CSI Topology

Trident can selectively create and attach volumes to nodes present in a Kubernetes cluster by making use of the CSI Topology Feature. Using the CSI Topology Feature, access to volumes can be limited to a subset of nodes, based on regions and availability zones. Cloud providers today enable Kubernetes administrators to spawn nodes that are zone-based. Nodes can be located in different regions within an availability zone, or across various availability zones. To facilitate the provisioning of volumes for workloads in a multi-zone architecture, Trident’s CSI Topology support is used.

In addition, volumes can also support the WaitForFirstConsumer binding mode. The volume binding mode dictates when the volume should be created and bound to the PVC request. Kubernetes provides two unique volume binding modes:

Note

The WaitForFirstConsumer binding mode does not require topology labels. This can be used independent of the CSI Topology feature.

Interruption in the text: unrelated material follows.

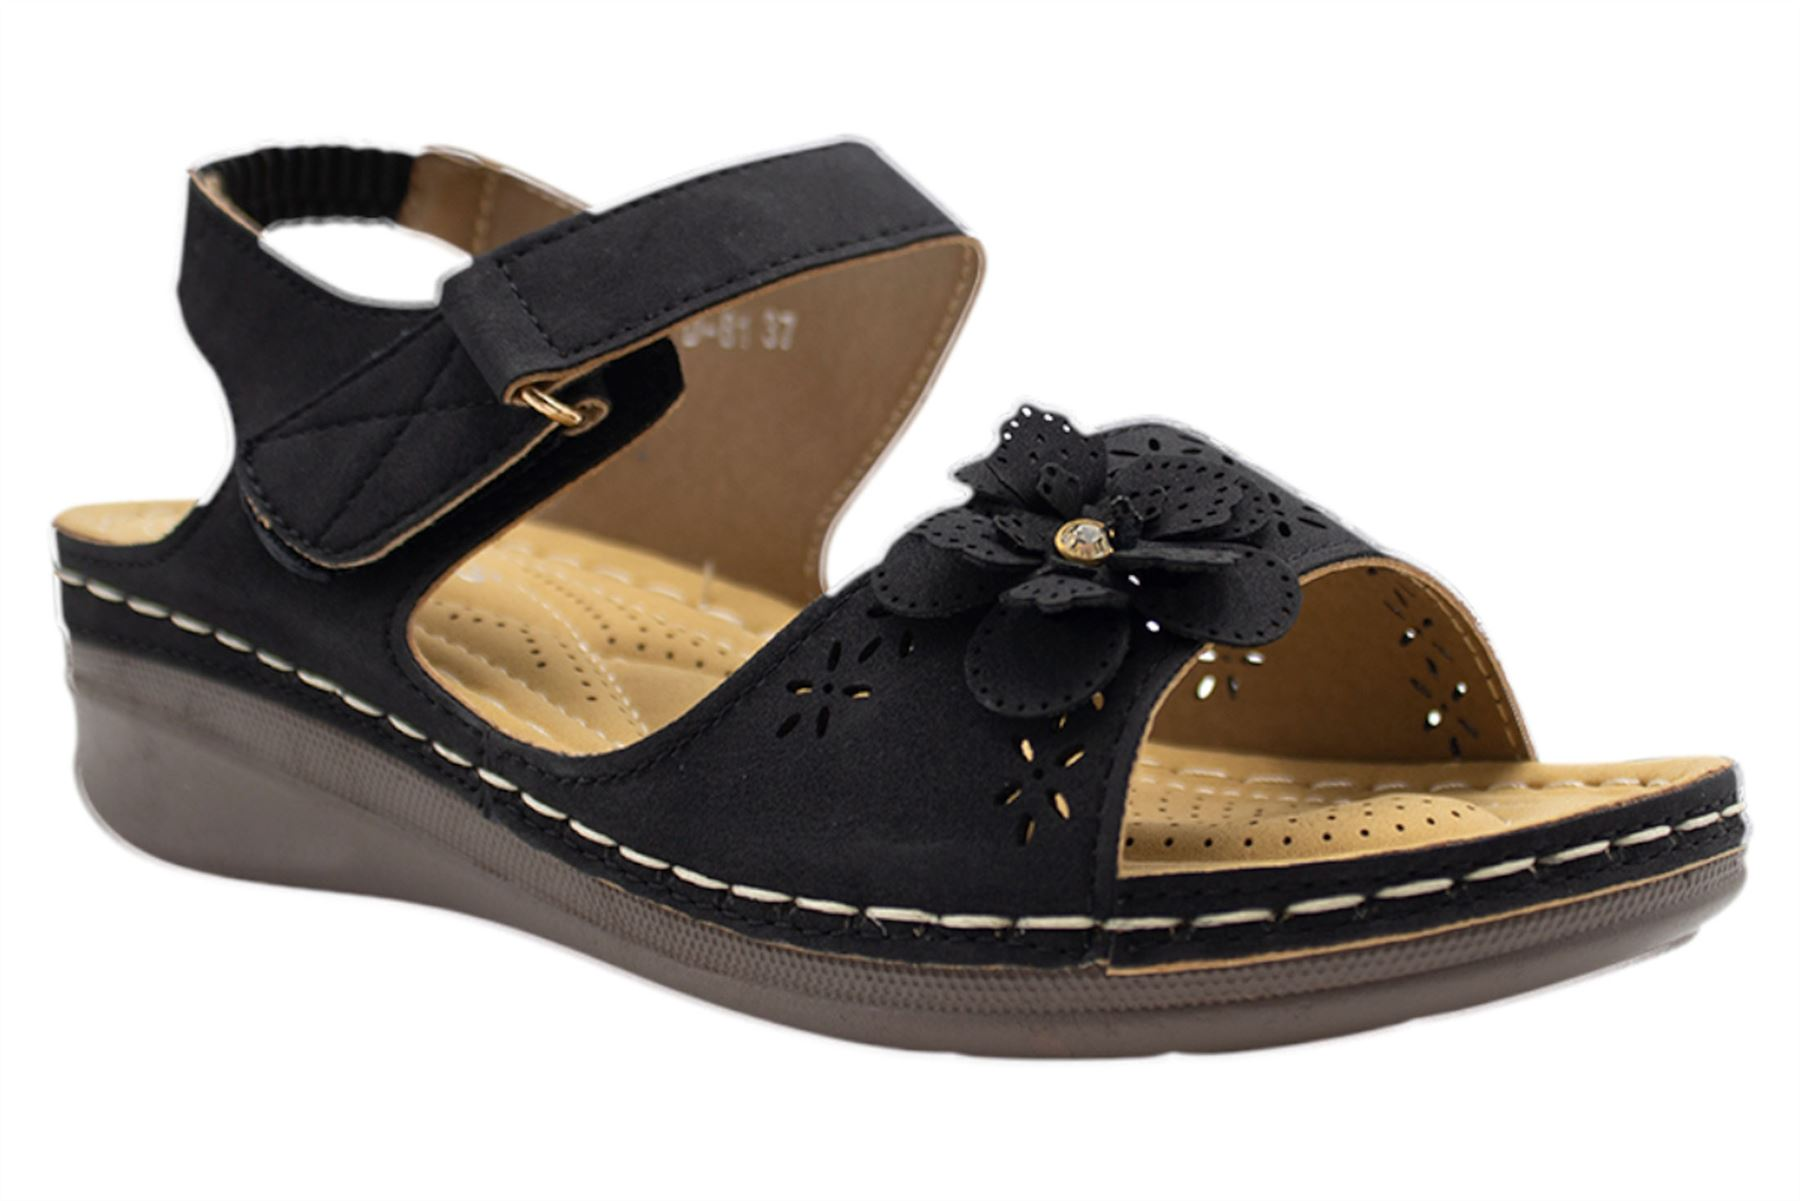 Ladies-Sandals-Womens-Mid-Heel-Comfort-Summer-Beach-Casual-Wear miniatura 13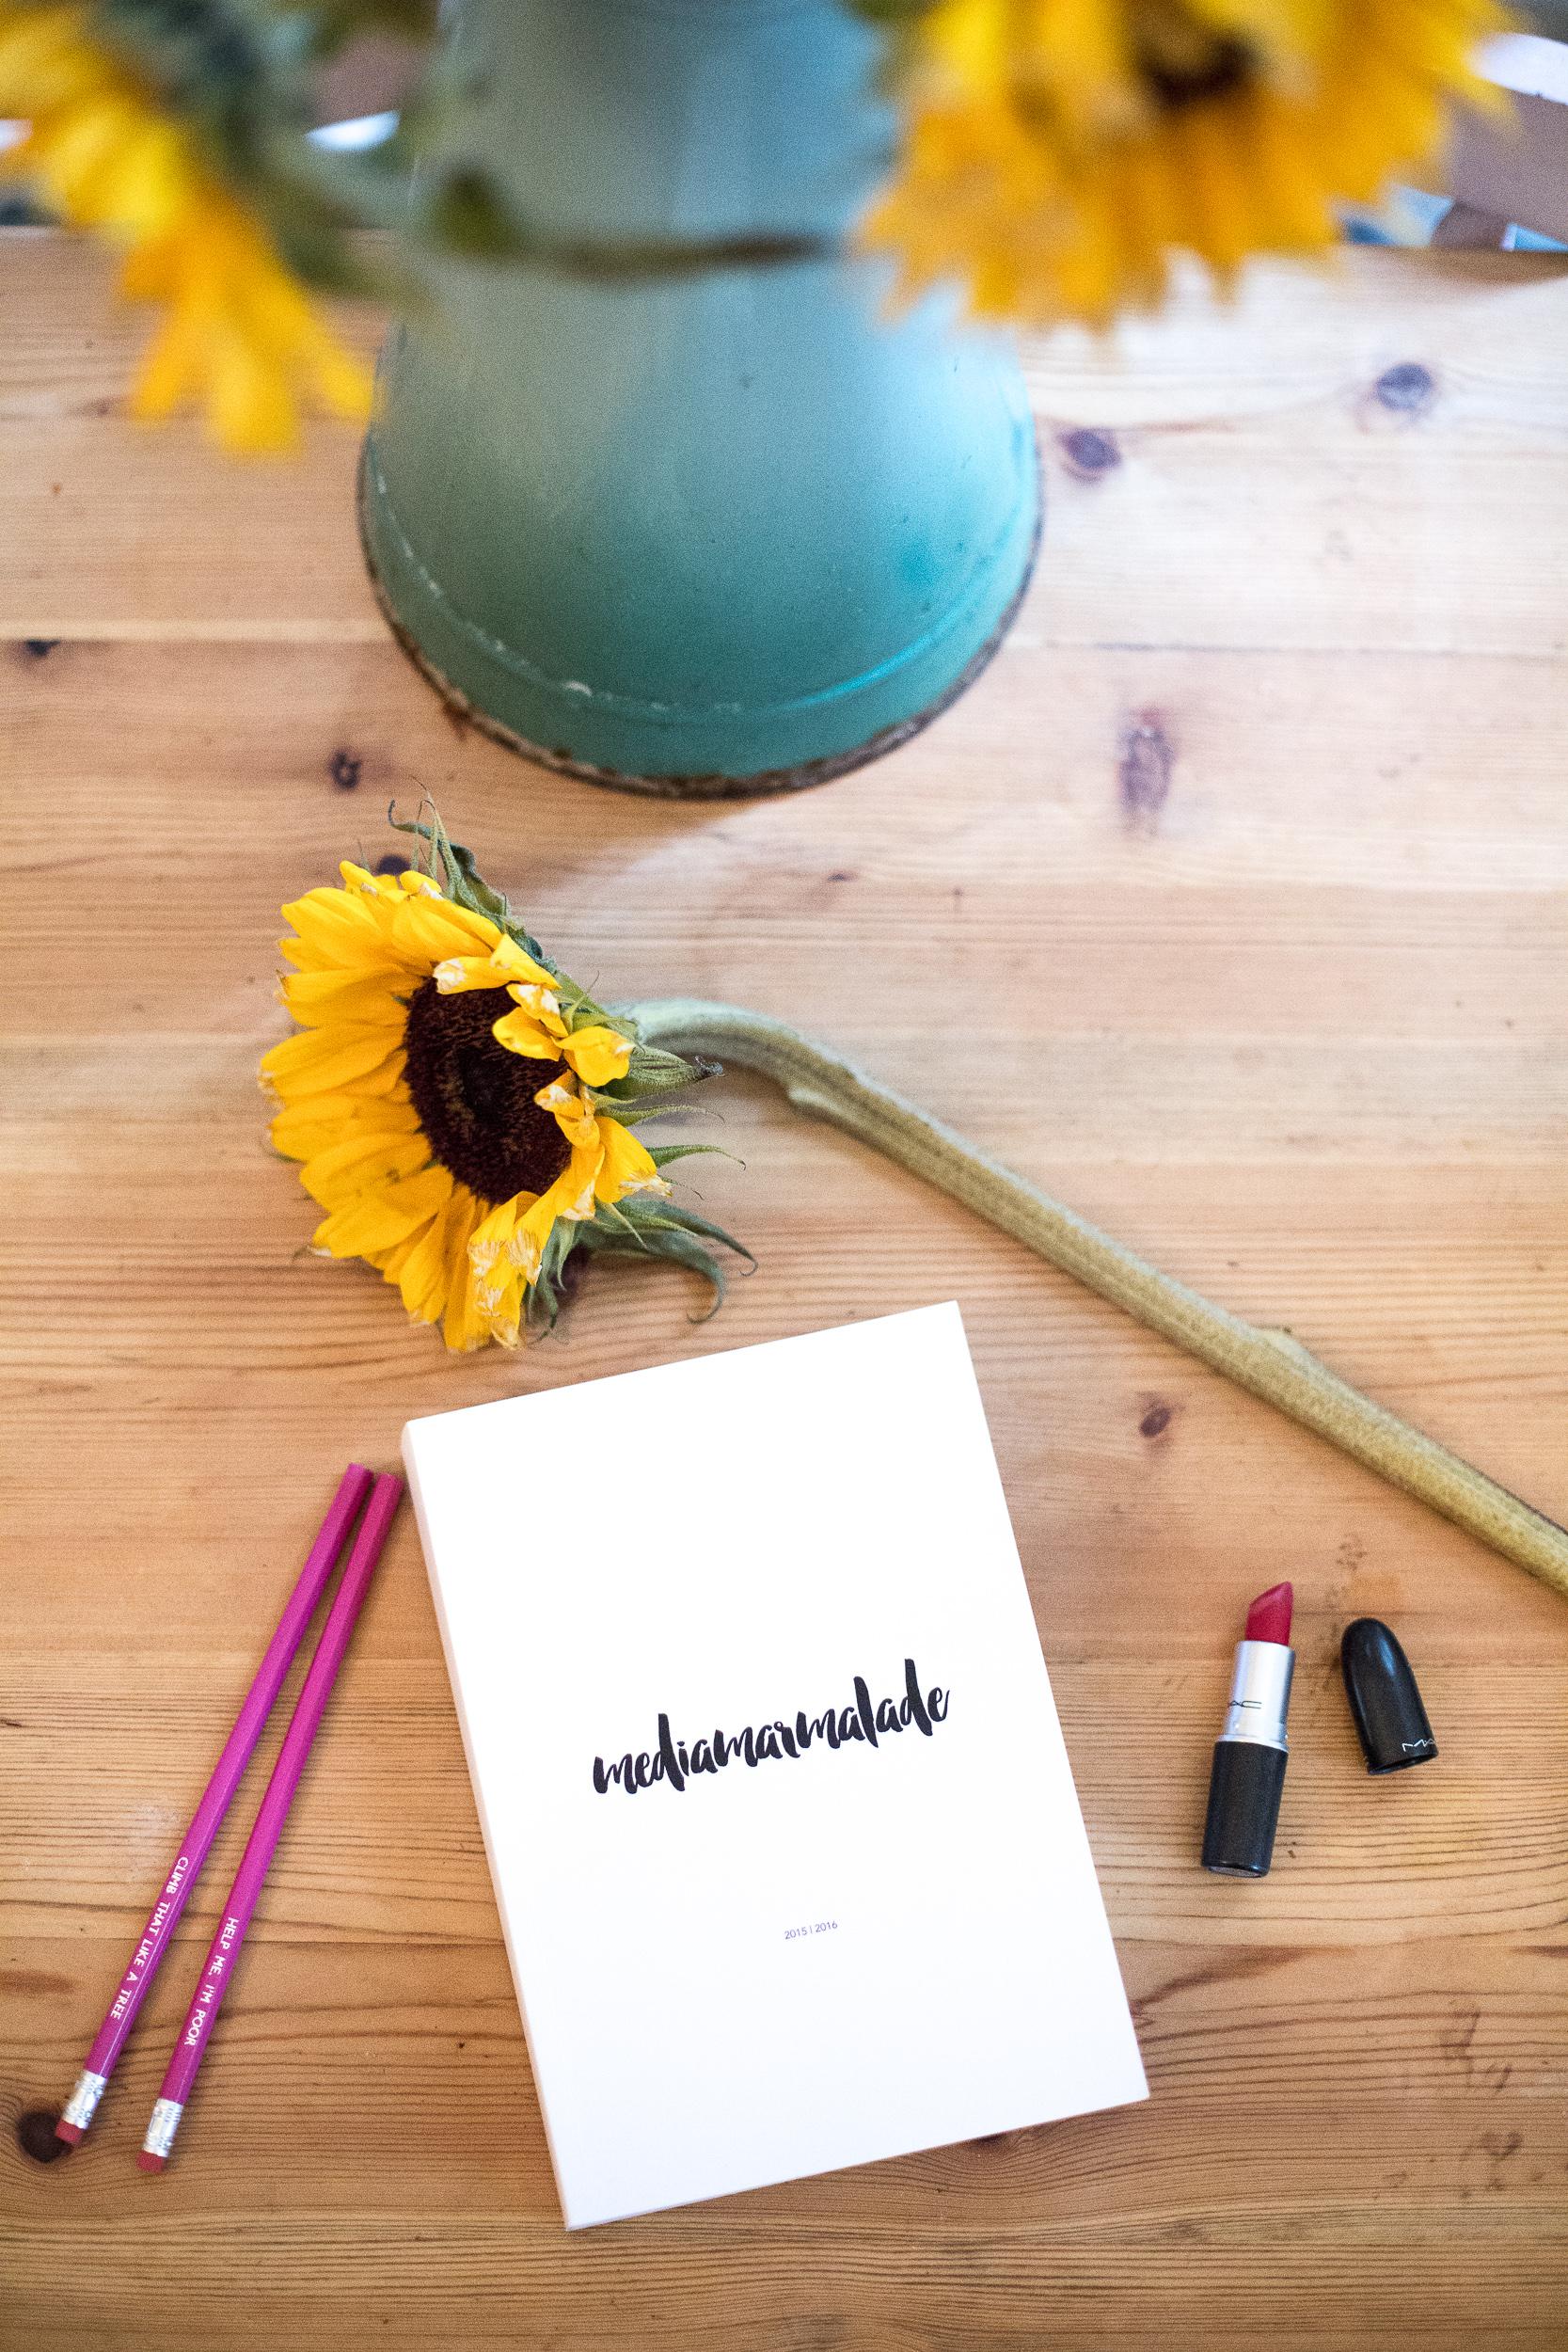 Mediamarmamalade Blog Planner

  1. With VolumeBindingMode set to Immediate, Trident creates the volume without any topology awareness. Volume binding and dynamic provisioning are handled when the PVC is created. This is the default VolumeBindingMode and is suited for clusters that do not enforce topology constraints. Persistent Volumes are created without having any dependency on the requesting pod’s scheduling requirements.
  2. Using the WaitForFirstConsumer VolumeBindingMode, the creation and binding of a Persistent Volume for a PVC is delayed until a pod that uses the PVC is scheduled and created. This way, volumes are created to meet the scheduling constraints that are enforced by topology requirements. Resource requirements, node selectors, pod affinity and anti-affinity, and taints and tolerations.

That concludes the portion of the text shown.